However at the epistemological level, it is different: minds and bodies have equal powers.  However again, God unites the epistemological and the ontological, because only he ‘authorises the transfer of unity from substance to the modes’ (90) [in other words he also creates the equal powers between minds and bodies?].  For Deleuze, the theme of unity is the important one, and he reads Spinoza as sometimes confusing the issue by, for example, suggesting that the mixtures of bodies controls minds on the one hand, and suggesting that mind is able to become autonomous and liberate itself from bodies on the other.  This is not inconsistent [!], because Spinoza was referring to different parts of the mind—a bodily perishable bit and a pure mind respectively, a part dealing with common notions, and are part dealing with essences [but how are these two connected?].  The apparent domination of bodies is also a mistake, because the idea is to see how bodies work in order to explore how the mind works.  We explore and discover the powers of both bodies and minds.  So is the apparent escape of the mind from the body, since Spinoza wants to reject idealism and argues that even ideas have a cause, even those that express essences.  [This looks a bit like Deleuzian repair work, and I’m not sure it is an escape from inconsistency so much as an assertion first of one element then the other, or even arguing that both positions are inconsistent in the first place]
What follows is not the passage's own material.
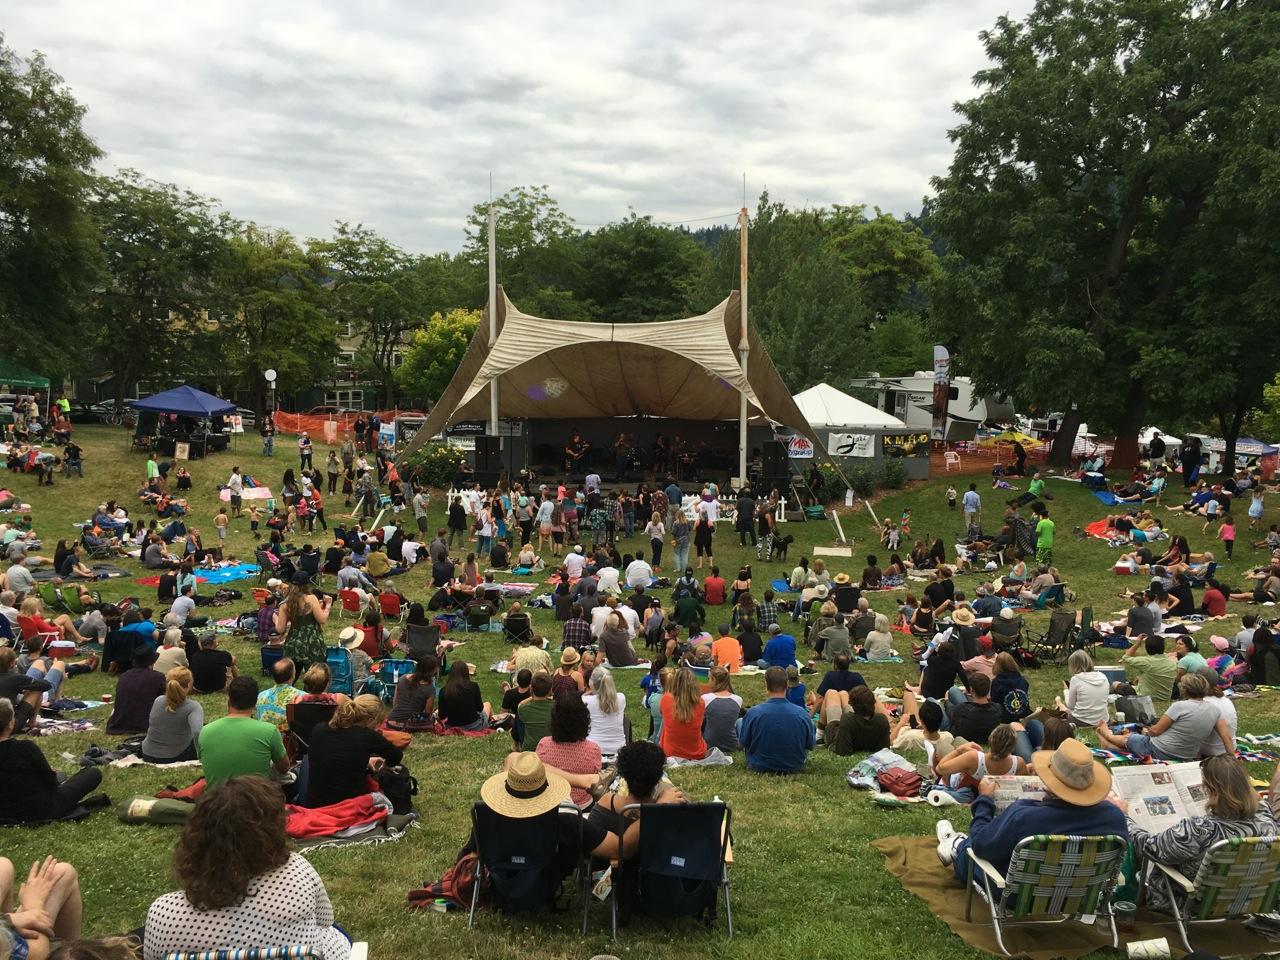 Cathedral Park Jazz Festival 2020.Cathedral Park Jazz Festival 2020 Festival 2020

NATURE.  Nature is both substance and mode, both cause and effect, since it is immanent to each term.  Nature is thus univocal when it comes to attributes [which also enjoy this dual nature following from their relation to the virtual].  Nature is both naturing and naturated, and this produces ‘the univocity of modality’ as well.  These properties of nature explain correspondences between attributes’; how things are connected in attributes, including the different kinds of infinite and finite modes; the agreement of essences as part of divine power; the ways in which specific combinations of relations and powers operate according to eternal laws nevertheless; the ways in which modes relate to each other externally according to an extrinsic order, the ‘”common order of Nature”’ (93), which involves a determined contingency.  [All this is pretty circular really.  We can start with this definition of nature without having to ‘discover’ it in the apparently unmotivated analyses of how modes or essences relate to each other.  The more specific analyses are merely an obsessional reworking of this basic argument contained here?]

NECESSARY.  What exists must be necessary, the result of causes or through itself.  This is another kind of univocity, this time of one mode of existence.  Substances exist if their essences require them to; as one of an infinite number of modes produced by substance, which possess relevant attributes; insofar as motion and rest produce existence; when existing modes produce existence as an effect of their interrelation [I am not at all sure I have understood any of this so far].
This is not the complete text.